What if everything you’ve been taught about economic progress is wrong?

In this episode, Stacey Edgar — social worker turned social entrepreneur and now executive director of the International Folk Art Market — shares her journey through the “career jungle gym” of the social impact sector. We unpack her concept of artisan economics, a radically human approach to commerce rooted in care, dignity, and connection.

From surviving U.S. customs mishaps to rewriting economic theory from a feminist perspective, Stacey challenges the status quo and shows what a purpose-driven economy really looks like — on the ground, in the marketplace, and in our communities.

If you’ve ever wondered whether mission can truly coexist with margin, or how to lead with care in a world of burnouts and bans, this episode is for you.

Episode Highlights

  • [00:00] Introduction
    Challenging the paradox of progress and introducing artisan economics
  • [02:06] Stacey’s Nonlinear Path
    From social work to fair trade founder to nonprofit ED
  • [03:43] Turning $2,000 into a Movement
    The surprising spark behind Global Girlfriend
  • [05:35] Lessons from the Early Days
    “Just ask.” The power of invitation in purpose-driven business
  • [07:30] Teaching Business with Purpose
    From MBA metrics to artisan-led projects across the globe
  • [10:26] Leading a Legacy Nonprofit
    The cultural shift from founder-led to stakeholder-centered leadership
  • [12:08] Resilience Under Pressure
    What happens when “women” becomes a banned word in federal grants
  • [16:27] Building a Purpose-First Economy
    Stacey’s upcoming book and why care must be central to the future of work
  • [20:26] Defining the Culture of Care
    From feminist economics to Bhutan’s “gross national happiness”
  • [23:18] The Loneliness of Leadership
    Where Stacey finds strength during tough times
  • [24:35] What’s Lighting Her Up
    Authentic creativity in a world obsessed with AI and performance
  • [26:19] Digital Disconnection
    Why real person-to-person connection still matters most
     

Notable Quotes

“There is no career ladder. There is a career jungle gym. Go from playground to playground, following your curiosity.” — Stacey [02:06]

“Once you tell people what you’re doing, it’s not a sale… You’re inviting someone to be part of a bigger movement.” — Stacey [05:35]

“In the artisan economy, creativity builds on itself… It’s about building forward and retaining tradition.” — Stacey [19:58]
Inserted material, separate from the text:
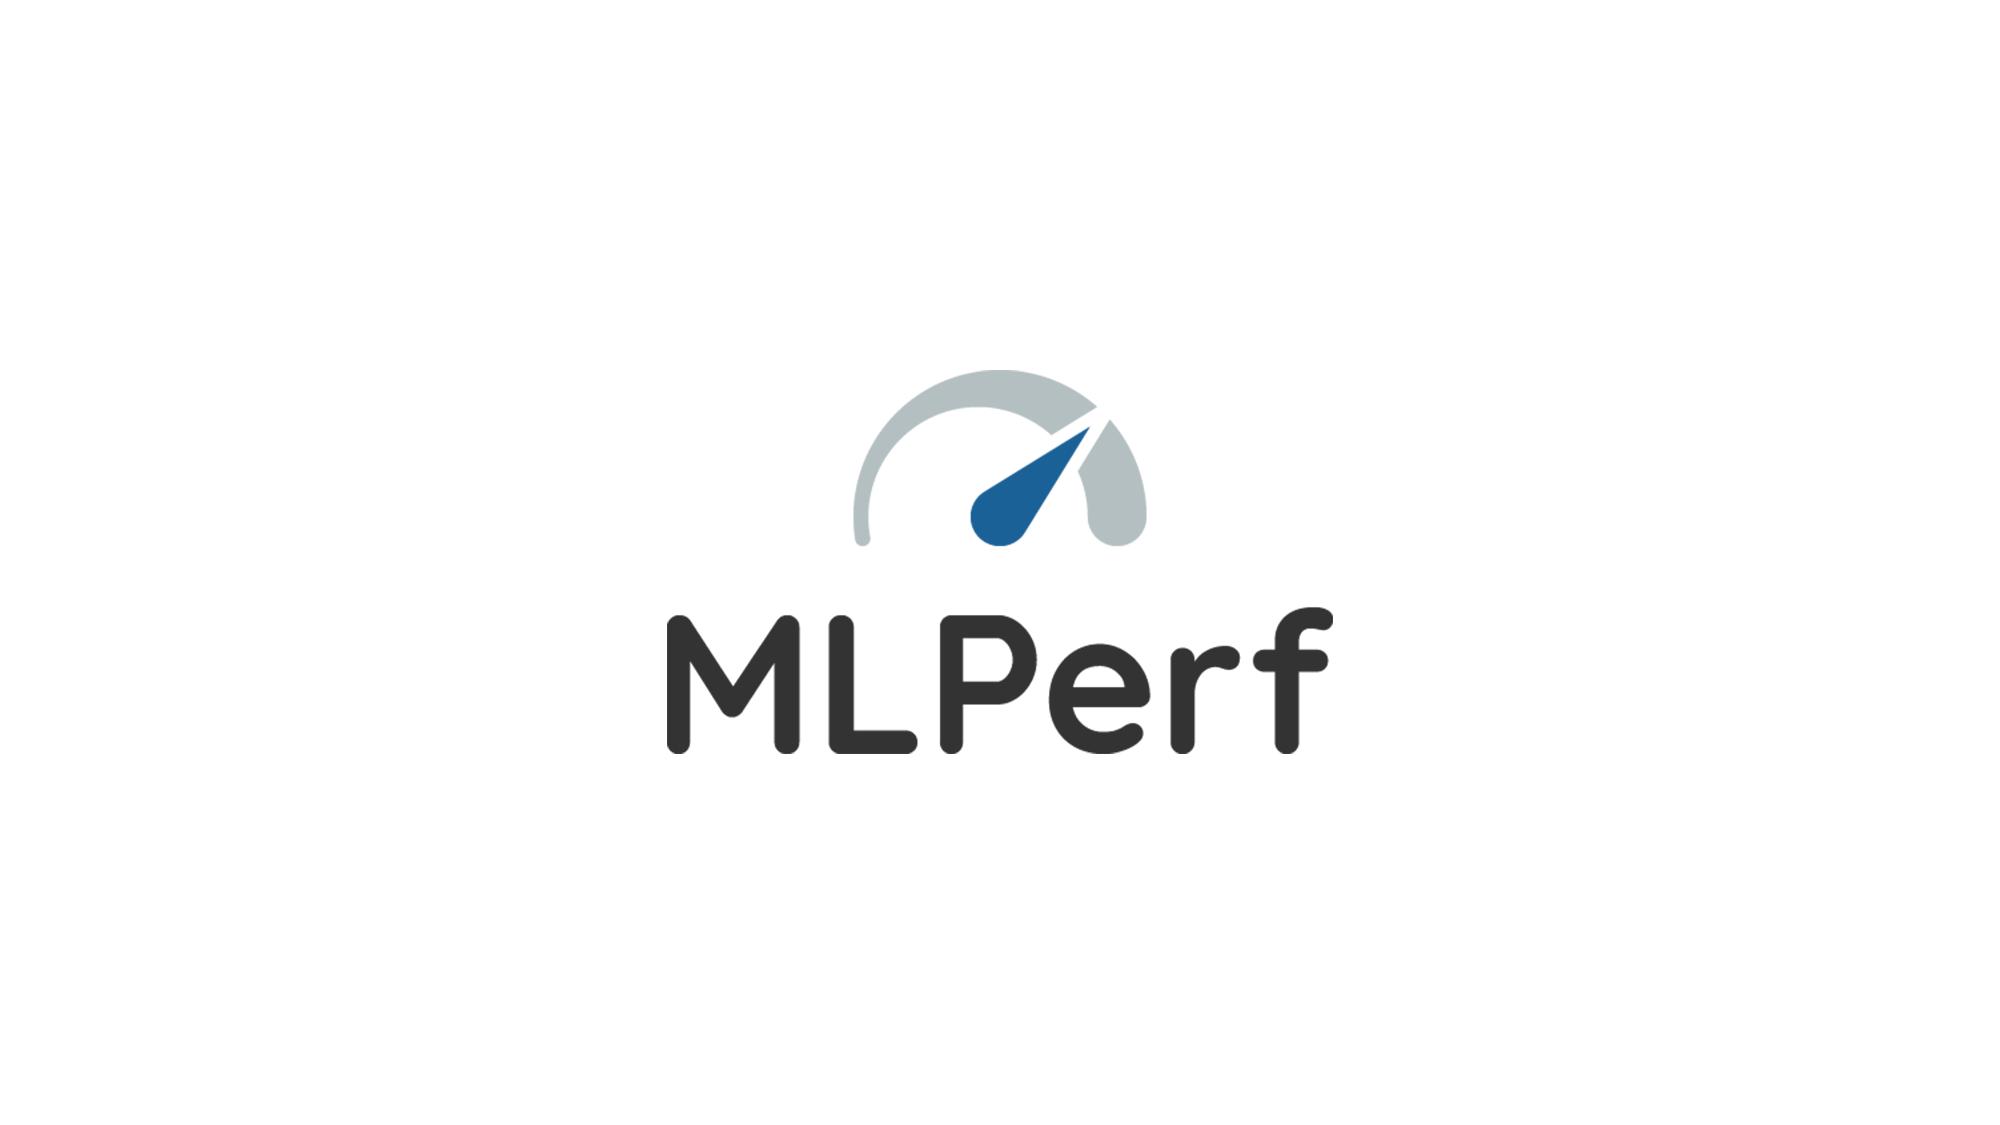 Facebook joins MLPerf, open-sources Mask R-CNN2Go - Facebook Code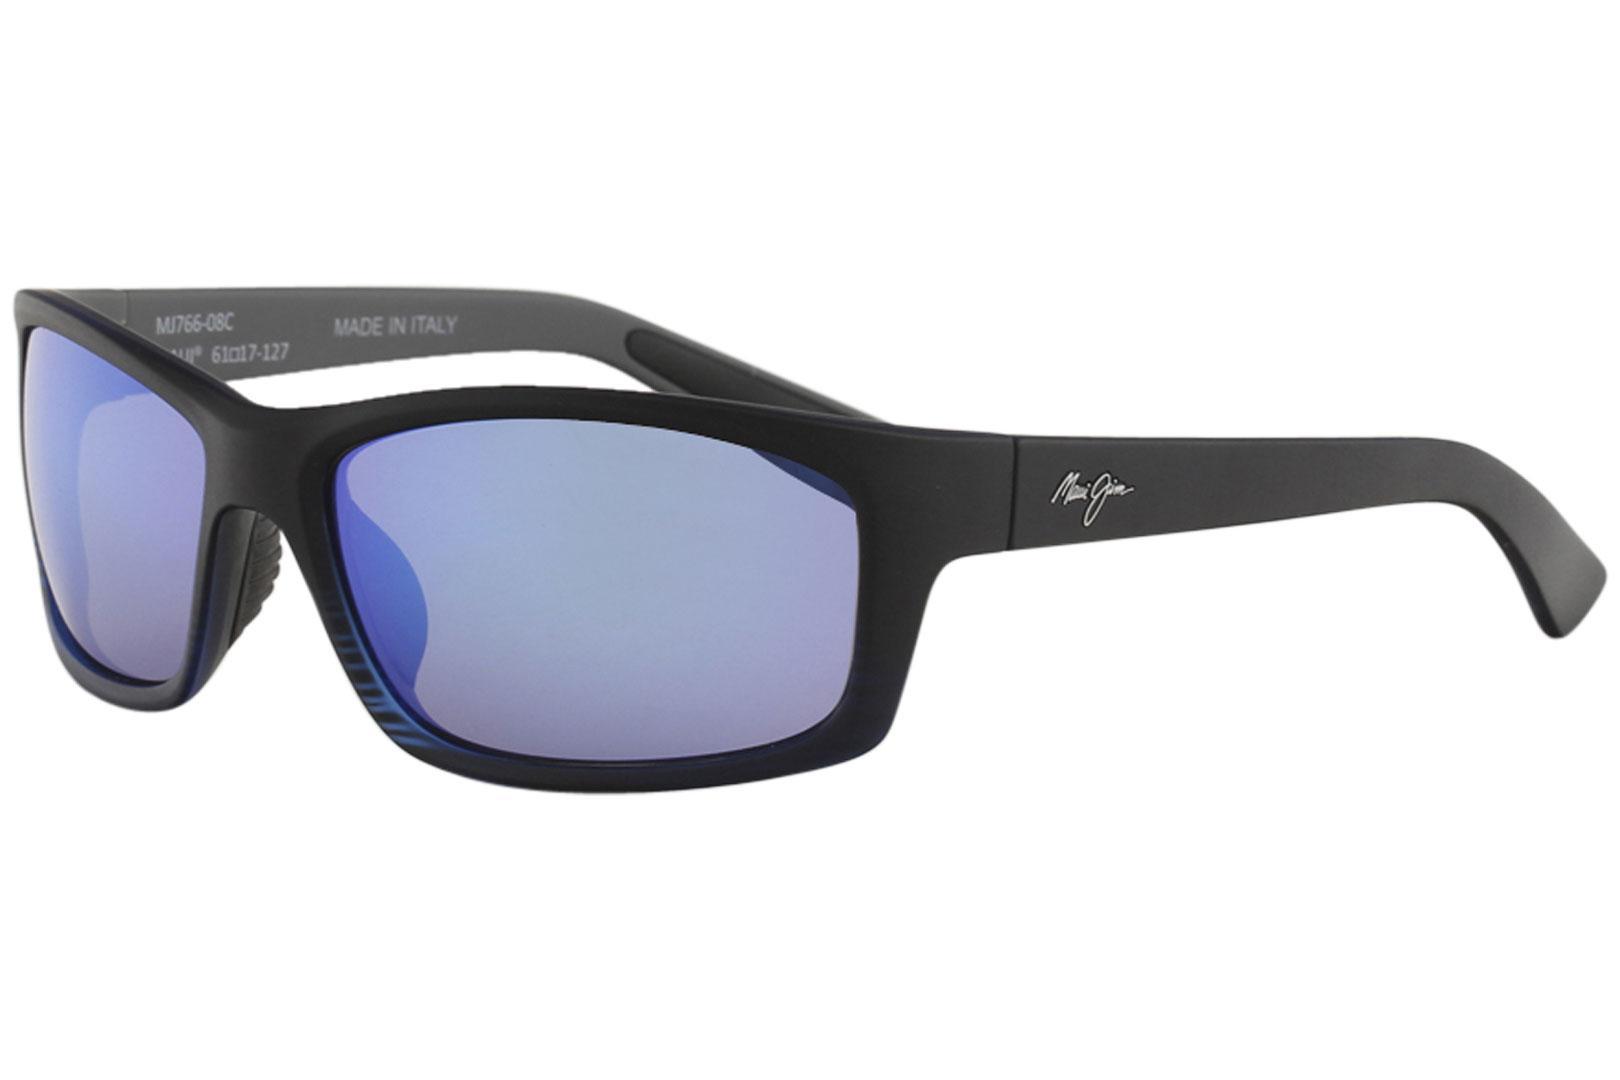 21628da4b6 Maui Jim Men s Kanaio-Coast MJ766 MJ 766 Fashion Rectangle Polarized  Sunglasses

“Our biggest personal poverty at the moment is disconnection.” — Stacey [27:23]

“When purpose becomes your marketing, it’s gone past its core.” — Stacey [17:15]

P.S. — Feeling the disconnect between your mission and your message? I help social impact leaders build trust through story-rich brands, compelling campaigns, and values-aligned strategy. Let’s talk about how to elevate your impact.

Full Interview:

For centuries, our economy has been guided by a few core beliefs. One is the idea of creative destruction: that for something new to be born, the old must be destroyed. Another is the paradox of progress: the quiet assumption that for society to move forward, some people will inevitably be left behind.

It’s brutal logic. And it’s logic that deserves to be challenged.

What if there’s another way? A different economic model, one that doesn’t see tradition as something to be destroyed but as a foundation to build on. A model that refuses to accept that leaving people behind is the cost of doing business. It’s an economy built not on destruction, but on care.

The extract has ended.